── Data

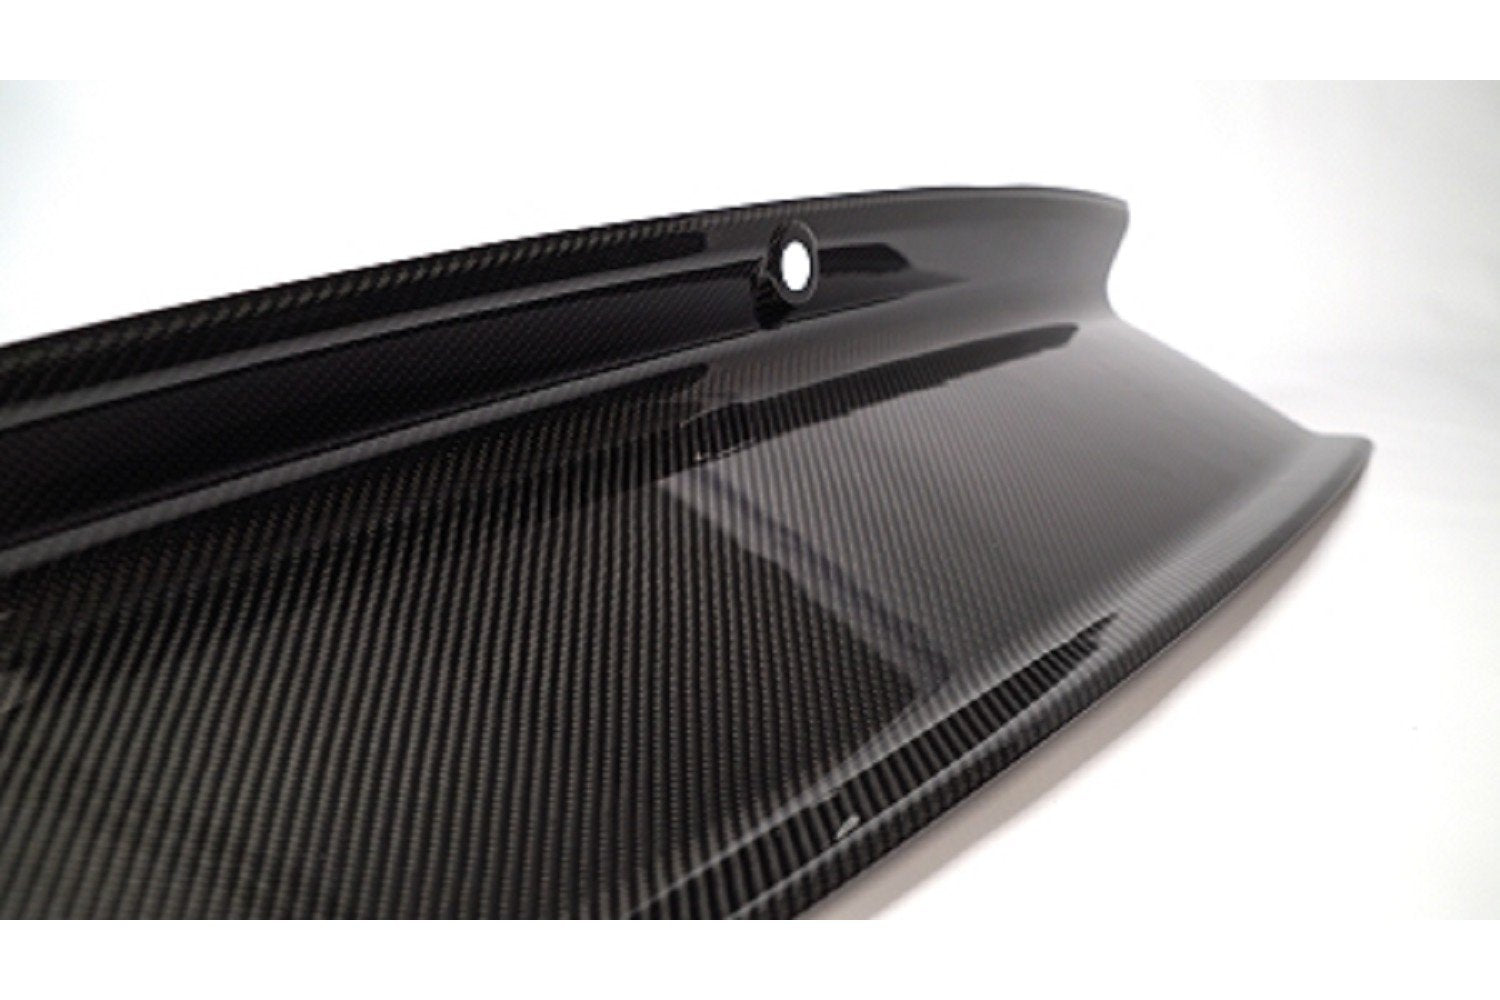 Tapa de cubierta trasera de carbono Anderson Composites para S550 Mustang
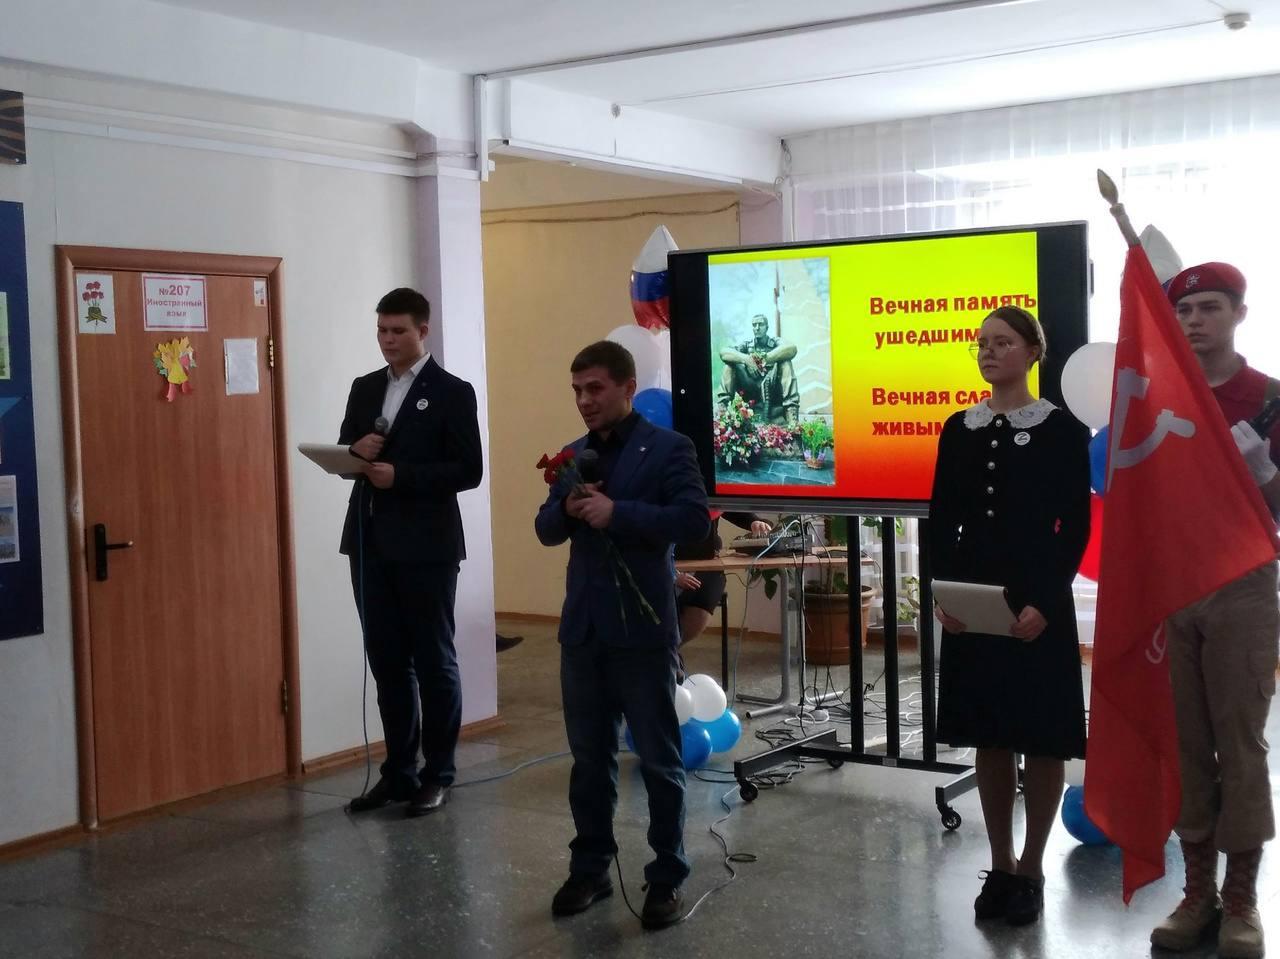 Фото Вечная память: в новосибирской школе установили мемориал выпускнику, погибшему в ходе СВО 2
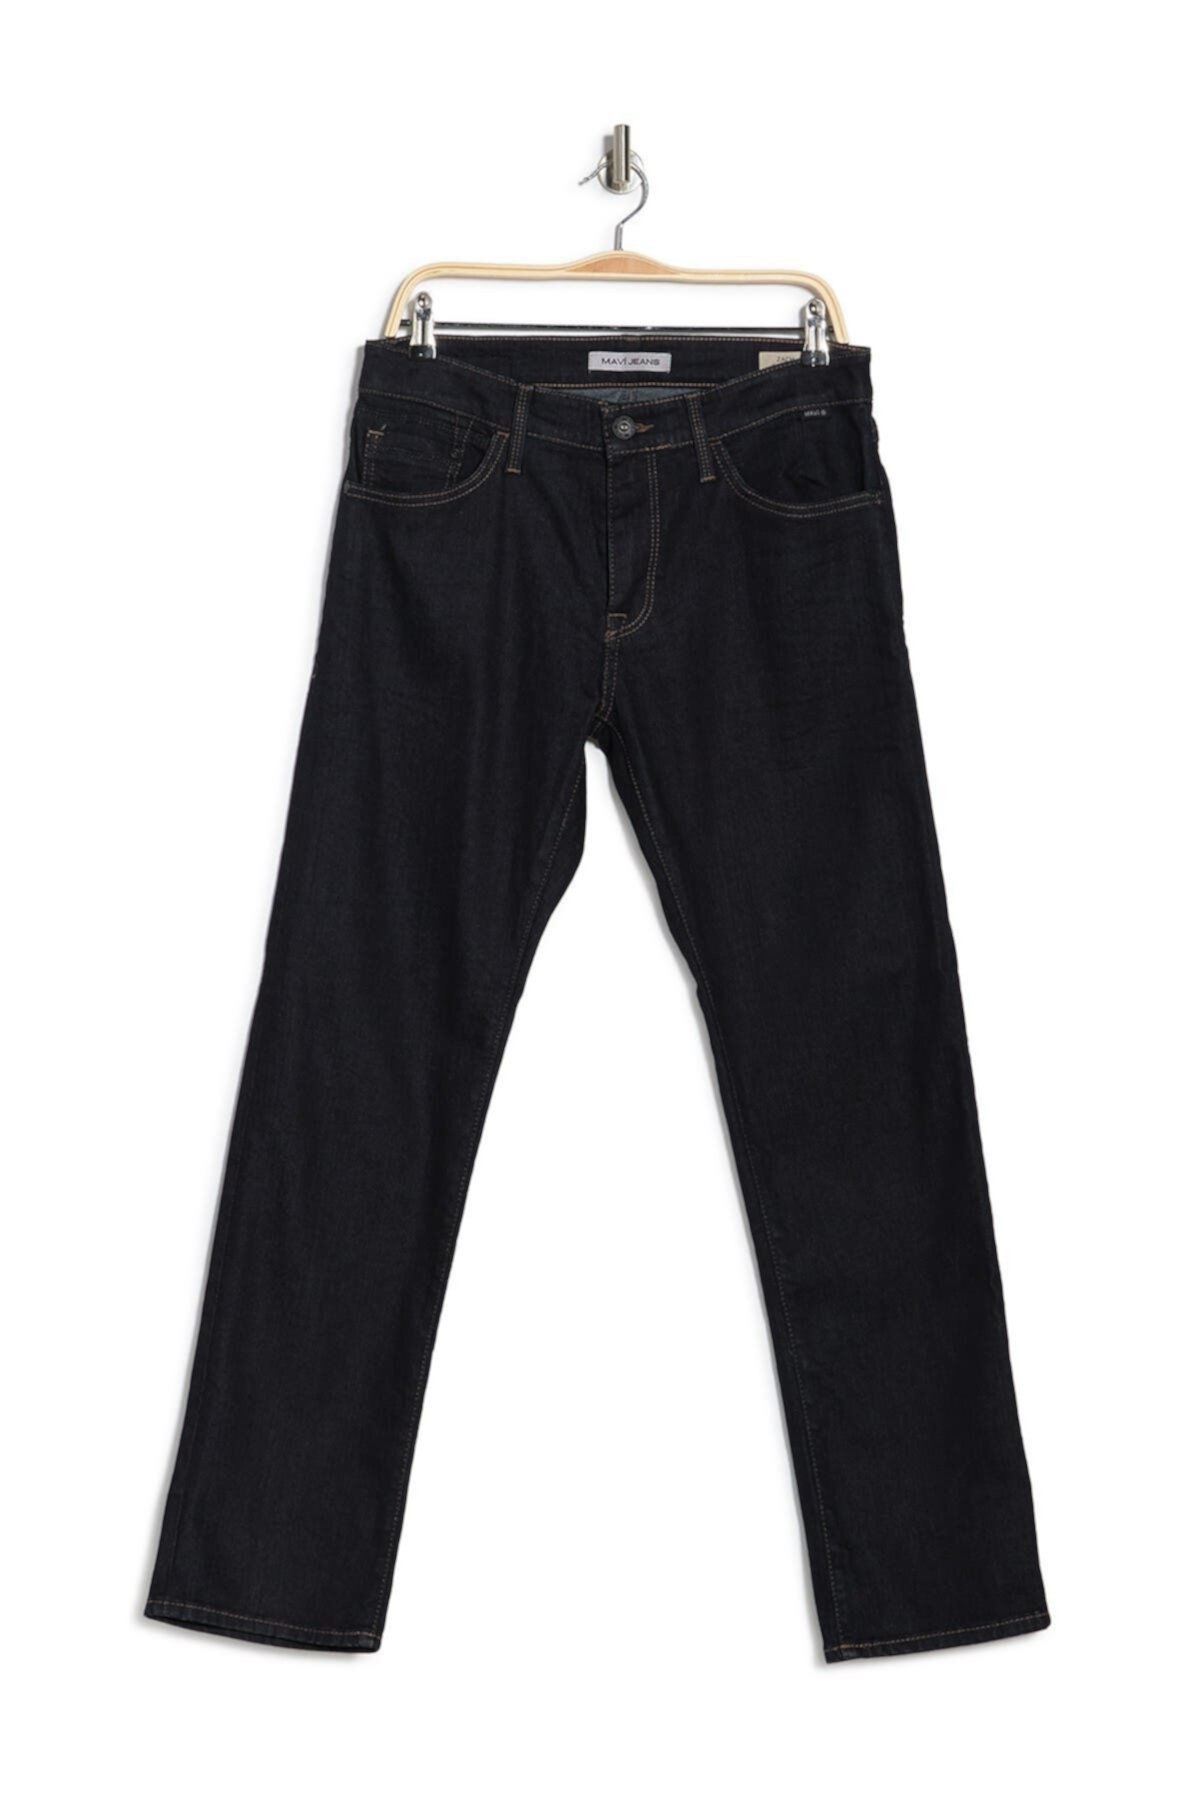 Прямые джинсы Zach - 30–34 дюйма по внутреннему шву Mavi

────

◆ **What to do**
Would you retype the listing above exactly, omitting its pictures?

◆ **The answer**
 Tapa de cubierta trasera de carbono Anderson Composites para S550 Mustang
 Фото Вечная память: в новосибирской школе установили мемориал выпускнику, погибшему в ходе СВО 2
 Прямые джинсы Zach - 30–34 дюйма по внутреннему шву Mavi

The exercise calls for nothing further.